Нам дали маленькое купе. Немец запер дверь, велел мне сесть у окна, а сам устроился у двери. Винтовку он положил на колени. Поезд тронулся, и я увидел, как немец взвел курок.
Я понимал, что мое единственное спасение - в побеге. Я знал, как все это будет. Когда стемнеет, я прыгну на этого немца, придушу его, а на подходе к маленькой станции соскочу с подножки, предварительно переодевшись в форму конвоира.
Я наметил время. Как только зажгутся звезды, значит, пора.
"А что, если сегодня не будет звезд? - думаю я. - Это не худшая беда, хотя лучше бежать в звездную ночь. Меня, конечно, легче заметить, но и я зато лучше замечу каждого. Если звезд не будет, надо начинать, когда исчезнут деревья, проходящие вдоль пути. Когда они исчезнут, значит, пора".
Я вспоминаю Архипо-Осиповку. Это станица на Черном море. Там почти нет отдыхающих, только колхозники и рыбаки. Мы туда приехали вдвоем с отцом. Всего два приезжих курортника на всю станицу. Я вспоминал Архипо-Осиповку и сразу же слышал тревожный и радостный крик цикад. Боже ты мой, сколько их там было! До сих пор я не могу представить себе, какие они из себя, эти цикады. Или, например, сверчки. Мне всегда хотелось сыграть в диккенсовском "Сверчке на печи". Но я до сих пор не представляю себе, какие они, эти самые сверчки. Очень будет неприятно узнать, что они похожи на мокриц или тараканов. Хотя в таком случае можно и не поверить. Ведь совершенно необязательно верить тому, что тебе чуждо.

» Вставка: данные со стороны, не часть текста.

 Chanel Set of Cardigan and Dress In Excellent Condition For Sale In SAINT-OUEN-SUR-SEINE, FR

На небе появились звезды. И в этот же миг в купе зажегся синий свет. Тусклый, вполнакала.
- Э, - сказал конвоир, протягивая мне фотокарточку, - майне киндерн.
"Дети, - подумал я. - Киндер - это понятно".

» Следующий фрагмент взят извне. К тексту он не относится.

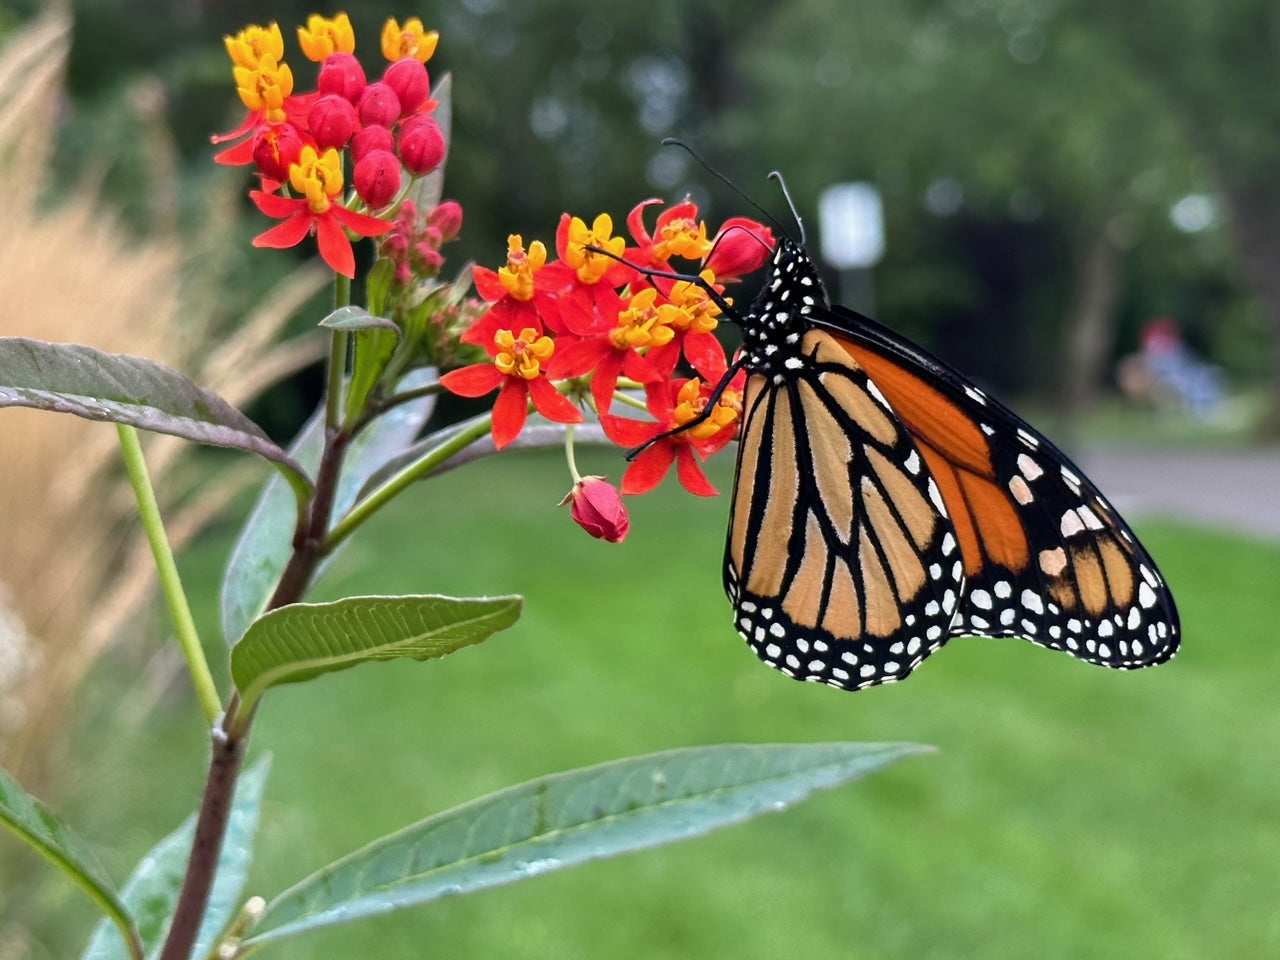 The Monarch Butterfly migration from Mexico to Canada; a return trip for the multi generational Butterfly

Я взял фотокарточку. Там было пять девочек и мальчишка. Старшей было не больше шестнадцати, а мальчишке - годик.
- Э, - сказал конвоир и протянул мне следующую карточку, - майне фрау.
Я увидел женщину в гробу. Рядом стояли дети и мой конвоир в штатском затасканном костюме.

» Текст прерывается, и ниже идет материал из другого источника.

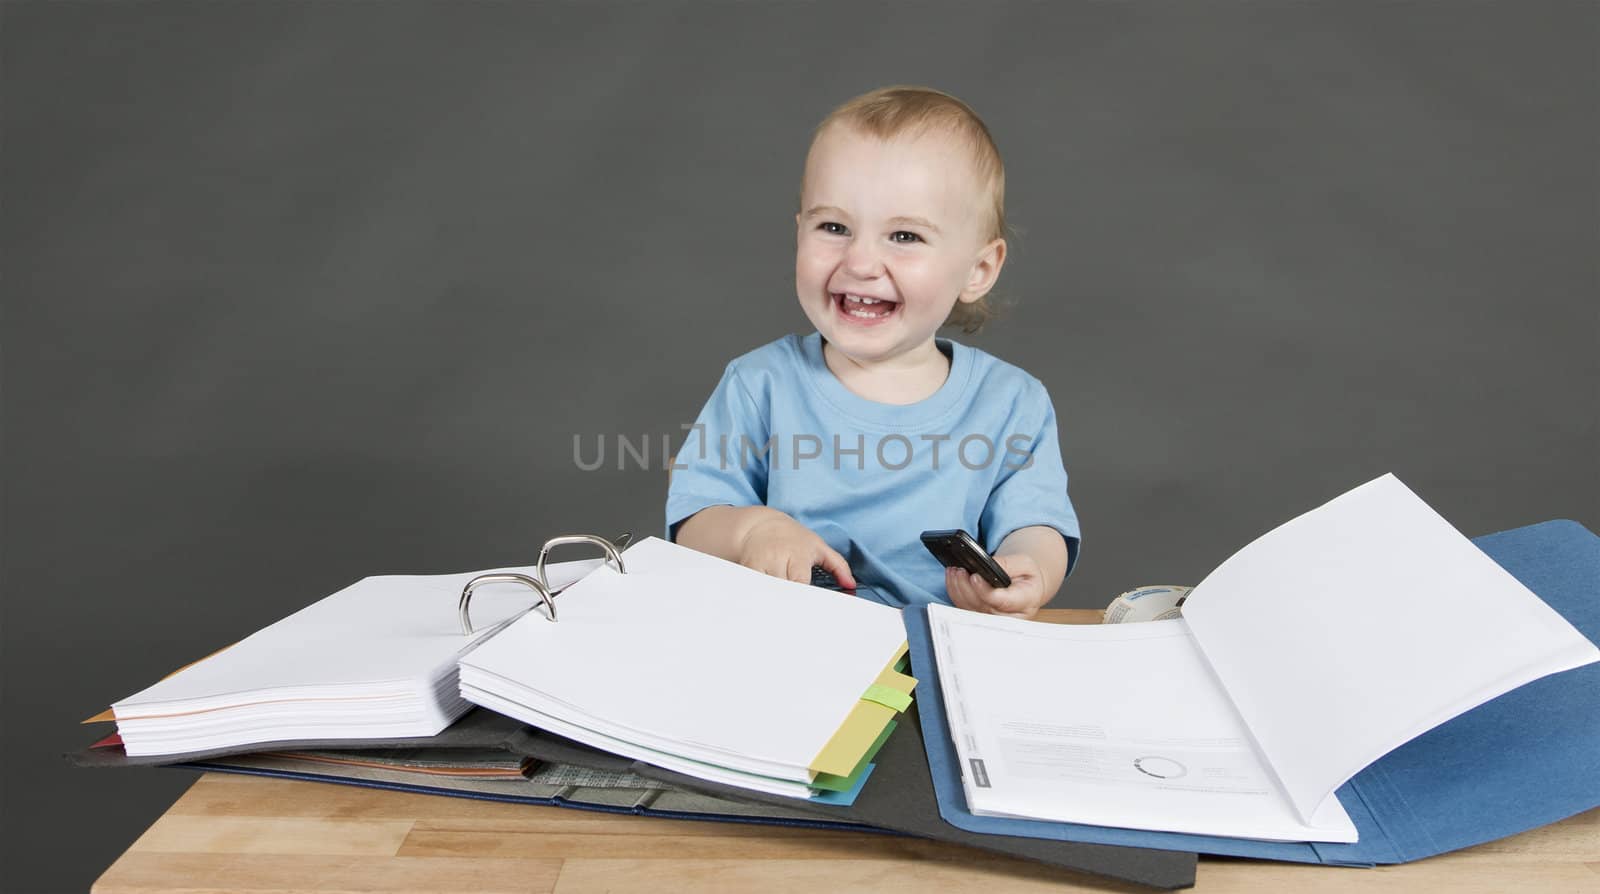 laughing child with paperwork at desk in grey background

Я вернул ему карточки, он спрятал их в бумажник, вздохнул, усмехнулся, тронул себя пальцем в грудь и сказал:
- Туберкулез...
Сейчас он смотрел на меня не испуганно, а грустно и спокойно. Наверное, он решил, что я ничего не смогу с ним сделать, потому что мы едем с большой скоростью, дверь купе заперта и курок винтовки взведен.
Ты дурак, немец. Это не важно, что поезд несется с большой скоростью. Каждую дверь можно отпереть, на твою винтовку прыгнуть, а самого тебя ударить головой в лицо. Вот и вся наука.
"Старшая девочка здорово похожа на него, - думаю я, - и такая же худая. А мальчишка толстый. Все маленькие дети толстые. Они начинают худеть, когда их отрывают от материнской груди".
- Э, - говорит немец и, протягивая сигарету, прикладывает палец к губам, - социал-демократ - тшш!
"Какой ты социал-демократ? - думаю я спокойно. - Ты дерьмо, а не социал-демократ. Ты трус и подлец, только у тебя есть шестеро детей, а самому маленькому - год. И у них нет матери".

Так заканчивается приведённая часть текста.